MEHMET BEKAROĞLU (İstanbul) - Bitti mi Sayın Başkanım? Daha bir şey söylemedik ya Sayın Başkan.

BAŞKAN - Ama işte zaman çabuk geçiyor.

Son cümlelerinizi alayım.

MEHMET BEKAROĞLU (İstanbul) - Peki, nasıl olsa kanunlar gelecek, 18 maddede onar dakika konuşacağız.

Değerli arkadaşlarım, Özelleştirme İdaresiyle ilgili de birkaç şey söyleyeyim, bitireyim.

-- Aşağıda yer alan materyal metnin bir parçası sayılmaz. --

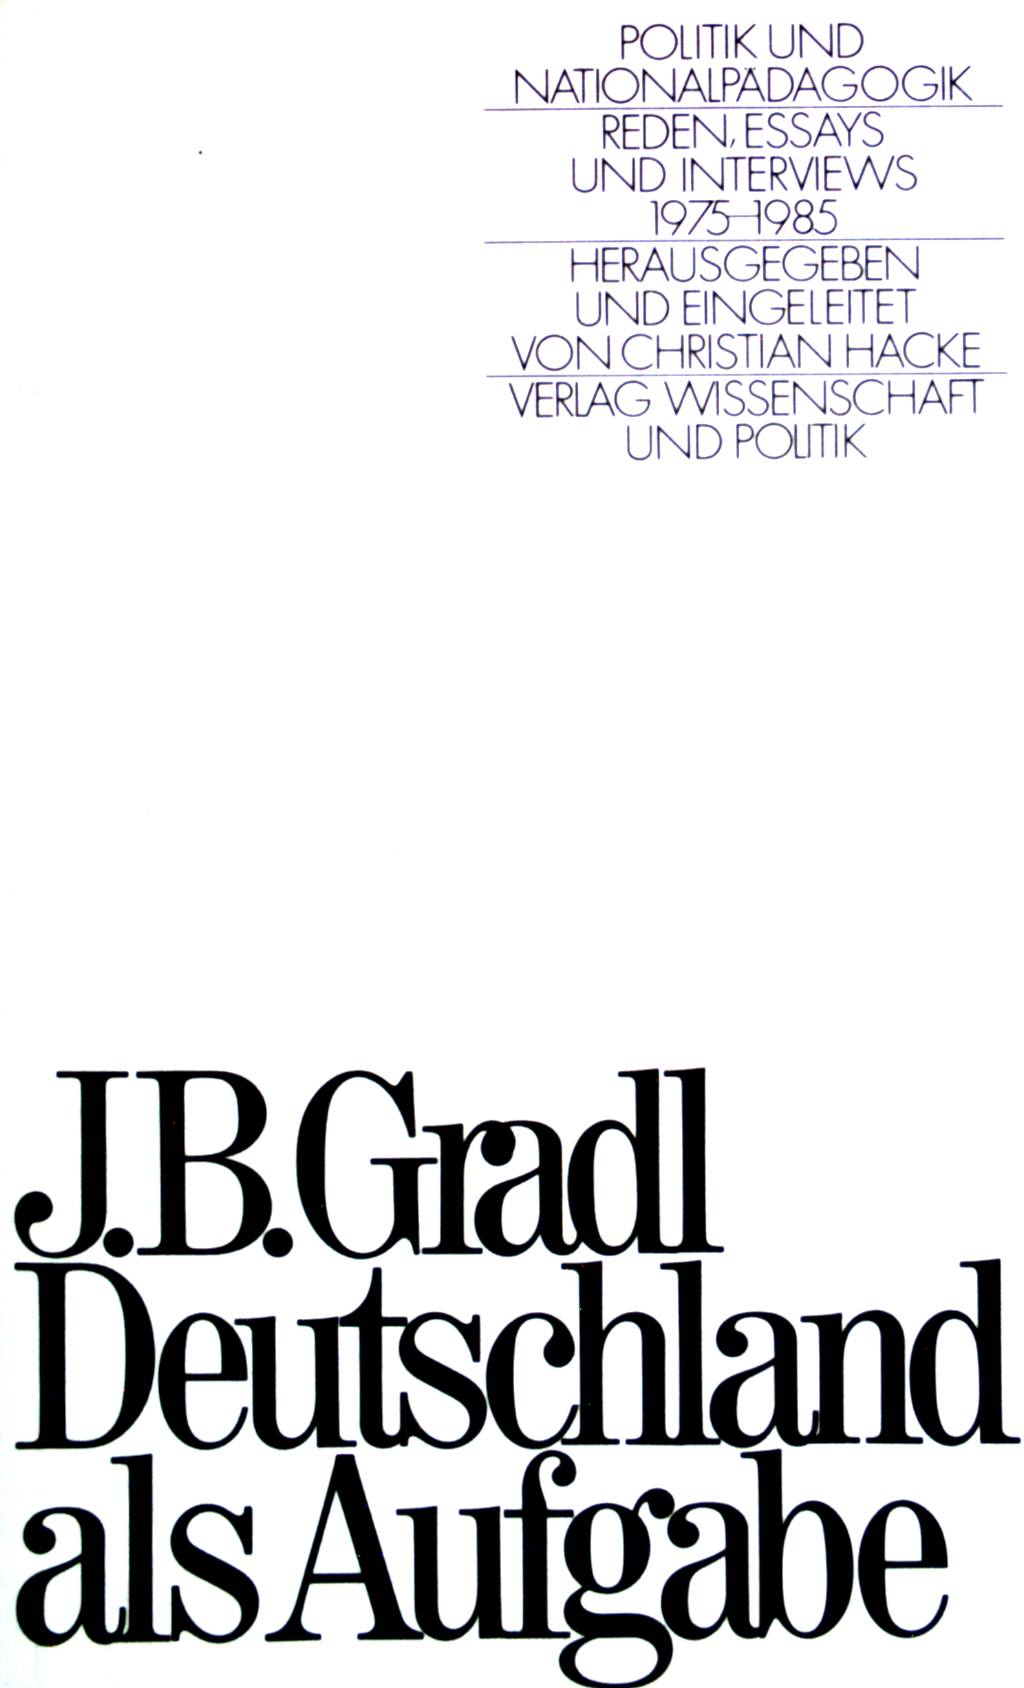 Deutschland als Aufgabe. Politik und Nationalpädagogik. Reden, Essays und Interviews 1975-1985. - Gradl, J.B.

Özelleştirmede, geçen sene açıklanmıştı, 2003-2017 yılları arasında on dört yılda 60,9 milyar dolar, ben biraz daha fazla hesapladım, 70 milyar dolar civarında özelleştirme var. Borçlar var bir de Sayın Bakanım. İşte, kaç şu anda kamu-özel? Siz "Kamunun borcu yok, bir problem yok, Türkiye'de bir sıkıntı yok." diyorsunuz filan ama iş öyle değil. İşte, 460 milyar dolar civarında bir borç var. Topladığınız vergiler ne kadar? Bugünkü paralarla falan söylediğimiz zaman, dolara çevirdiğimiz zaman acayip bir kaynak kullanmışsınız, müthiş bir kaynak kullanmışsınız. İşler de yaptınız tabii, yollar mollar yaptınız, doğru ama müthiş bir kaynak da kullandınız yani. Bu paranın hesabını hiçbir bütçede, hiçbir yerde vermediniz. Bu yetmiyormuş gibi değerli arkadaşlarım, şimdi, yeni bir finans modeli buldunuz, bu konuyu da hiç tartışmadınız, hiçbir şekilde burada şeyinizi söylemediniz. Bu kamu-özel ortaklığıyla bugüne kadar... Sayın Bakan bir açıklama yapmış, doğru mudur, yanlış mıdır, bir arkadaşa yazmış: "Bunlar gizlidir, sırdır, bunları açıklayamayız." diyor. Bir de bu şekilde para topluyorlar. Yani ne demek bu biliyor musunuz arkadaşlar? Gelecek kuşaklardan, sizin torunlarınızdan para alınıyor. Bakın, geçmişi yedik yani beğenmediğiniz dönemlerde yapılan Sümerbankları filan bunların hepsini yedik. İşte, bugün borçlandık, korkunç bir şekilde ödüyoruz, borç bütçesi, bu da yetmiyor, gelecek kuşakların, otuz sene, kırk sene garantili... Bunları konuştuk, konuşmaya devam edeceğiz. Sayın Bakanım, ne sırrıdır bu? Nasıl bir şey olur ya? Milletin verdiği, gelecek kuşakların vereceği vergilerle ilgili bir sözleşme yapıyorsunuz, hastane yapıyorsunuz, ihtiyaç var mı, yok mu, bilemiyoruz.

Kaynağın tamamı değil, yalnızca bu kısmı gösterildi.